* Aim of the exercise
Below are the records; give again exactly the line with "best sneakers f17b1", the line with "Al-Quran Saku Juz", and each line that lies between them, and nothing besides.

----

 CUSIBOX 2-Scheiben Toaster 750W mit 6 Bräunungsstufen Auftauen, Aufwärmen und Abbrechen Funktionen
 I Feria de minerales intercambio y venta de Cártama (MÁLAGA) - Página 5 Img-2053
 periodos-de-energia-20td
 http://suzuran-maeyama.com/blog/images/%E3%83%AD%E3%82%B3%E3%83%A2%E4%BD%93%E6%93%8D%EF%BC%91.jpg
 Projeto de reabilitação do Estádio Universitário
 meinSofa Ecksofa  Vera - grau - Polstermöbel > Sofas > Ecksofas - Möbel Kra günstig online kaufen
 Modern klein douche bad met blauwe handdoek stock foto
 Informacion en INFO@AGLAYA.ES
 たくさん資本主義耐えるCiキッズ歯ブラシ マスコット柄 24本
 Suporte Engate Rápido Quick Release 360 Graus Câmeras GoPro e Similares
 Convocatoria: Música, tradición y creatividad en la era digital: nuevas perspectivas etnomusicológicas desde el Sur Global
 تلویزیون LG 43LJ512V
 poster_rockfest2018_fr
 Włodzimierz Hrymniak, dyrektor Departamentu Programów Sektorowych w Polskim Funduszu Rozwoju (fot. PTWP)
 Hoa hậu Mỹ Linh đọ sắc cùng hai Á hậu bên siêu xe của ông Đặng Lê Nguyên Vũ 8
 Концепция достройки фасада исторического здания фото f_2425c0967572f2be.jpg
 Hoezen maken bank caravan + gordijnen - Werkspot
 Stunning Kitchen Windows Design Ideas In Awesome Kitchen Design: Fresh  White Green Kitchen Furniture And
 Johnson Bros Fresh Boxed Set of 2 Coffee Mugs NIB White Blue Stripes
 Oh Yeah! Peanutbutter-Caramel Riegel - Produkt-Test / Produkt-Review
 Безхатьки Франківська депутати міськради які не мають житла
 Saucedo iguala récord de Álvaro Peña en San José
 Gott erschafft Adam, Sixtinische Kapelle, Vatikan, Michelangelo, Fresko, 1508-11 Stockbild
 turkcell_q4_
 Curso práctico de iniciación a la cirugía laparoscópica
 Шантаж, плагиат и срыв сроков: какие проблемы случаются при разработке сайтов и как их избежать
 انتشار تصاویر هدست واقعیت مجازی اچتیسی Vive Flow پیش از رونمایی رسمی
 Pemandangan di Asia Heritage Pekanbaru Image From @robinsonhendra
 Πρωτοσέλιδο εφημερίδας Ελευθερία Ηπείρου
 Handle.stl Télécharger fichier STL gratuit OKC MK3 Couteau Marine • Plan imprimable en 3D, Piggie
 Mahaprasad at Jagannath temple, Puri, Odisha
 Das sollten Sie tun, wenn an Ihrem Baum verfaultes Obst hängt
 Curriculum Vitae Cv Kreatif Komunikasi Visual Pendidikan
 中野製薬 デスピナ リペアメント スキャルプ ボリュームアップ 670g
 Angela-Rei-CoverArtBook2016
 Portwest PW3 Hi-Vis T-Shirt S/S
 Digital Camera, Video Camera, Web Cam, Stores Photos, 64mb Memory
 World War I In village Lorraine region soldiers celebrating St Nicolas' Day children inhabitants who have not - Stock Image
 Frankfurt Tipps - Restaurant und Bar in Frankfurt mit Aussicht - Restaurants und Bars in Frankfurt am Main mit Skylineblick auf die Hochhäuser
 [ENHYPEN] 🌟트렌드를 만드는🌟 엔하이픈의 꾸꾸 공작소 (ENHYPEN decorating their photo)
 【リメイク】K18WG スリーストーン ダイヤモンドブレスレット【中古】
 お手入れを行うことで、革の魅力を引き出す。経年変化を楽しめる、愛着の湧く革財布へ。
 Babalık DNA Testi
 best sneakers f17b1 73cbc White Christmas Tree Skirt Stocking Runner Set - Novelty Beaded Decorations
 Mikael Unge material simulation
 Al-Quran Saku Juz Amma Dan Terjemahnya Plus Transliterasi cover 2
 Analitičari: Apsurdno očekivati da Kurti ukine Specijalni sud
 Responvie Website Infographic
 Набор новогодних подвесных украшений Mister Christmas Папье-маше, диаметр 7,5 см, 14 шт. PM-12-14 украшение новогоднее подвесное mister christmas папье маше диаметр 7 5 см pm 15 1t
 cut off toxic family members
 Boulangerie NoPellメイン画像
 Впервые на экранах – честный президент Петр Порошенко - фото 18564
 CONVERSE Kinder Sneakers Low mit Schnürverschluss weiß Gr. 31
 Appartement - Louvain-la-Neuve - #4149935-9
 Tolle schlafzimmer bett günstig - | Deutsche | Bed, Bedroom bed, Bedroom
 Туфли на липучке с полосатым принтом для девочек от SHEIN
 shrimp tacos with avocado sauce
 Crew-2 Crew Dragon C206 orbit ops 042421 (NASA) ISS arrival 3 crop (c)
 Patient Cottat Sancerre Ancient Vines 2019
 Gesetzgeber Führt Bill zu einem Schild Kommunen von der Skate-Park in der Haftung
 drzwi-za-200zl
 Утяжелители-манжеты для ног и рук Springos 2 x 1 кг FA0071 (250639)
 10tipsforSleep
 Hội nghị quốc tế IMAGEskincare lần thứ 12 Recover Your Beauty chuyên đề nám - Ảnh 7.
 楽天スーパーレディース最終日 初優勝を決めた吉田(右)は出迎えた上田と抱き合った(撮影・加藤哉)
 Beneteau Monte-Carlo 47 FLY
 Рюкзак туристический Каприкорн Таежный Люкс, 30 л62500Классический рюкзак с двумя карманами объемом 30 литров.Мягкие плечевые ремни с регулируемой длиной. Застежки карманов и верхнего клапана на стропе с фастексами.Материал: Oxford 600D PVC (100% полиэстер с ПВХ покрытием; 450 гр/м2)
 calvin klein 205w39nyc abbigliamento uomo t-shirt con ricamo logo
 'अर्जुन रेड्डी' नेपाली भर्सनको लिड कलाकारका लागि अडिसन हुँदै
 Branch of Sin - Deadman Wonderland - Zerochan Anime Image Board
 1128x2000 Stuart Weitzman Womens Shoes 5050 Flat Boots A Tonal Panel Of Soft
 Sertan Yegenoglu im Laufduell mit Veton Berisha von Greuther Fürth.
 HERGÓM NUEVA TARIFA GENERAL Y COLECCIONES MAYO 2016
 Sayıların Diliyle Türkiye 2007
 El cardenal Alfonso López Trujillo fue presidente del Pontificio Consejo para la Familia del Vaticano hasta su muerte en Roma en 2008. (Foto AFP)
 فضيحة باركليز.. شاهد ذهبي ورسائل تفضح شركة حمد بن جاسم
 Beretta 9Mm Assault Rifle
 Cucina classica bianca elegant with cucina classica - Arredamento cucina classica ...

----

* Reply to the exercise
 best sneakers f17b1 73cbc White Christmas Tree Skirt Stocking Runner Set - Novelty Beaded Decorations
 Mikael Unge material simulation
 Al-Quran Saku Juz Amma Dan Terjemahnya Plus Transliterasi cover 2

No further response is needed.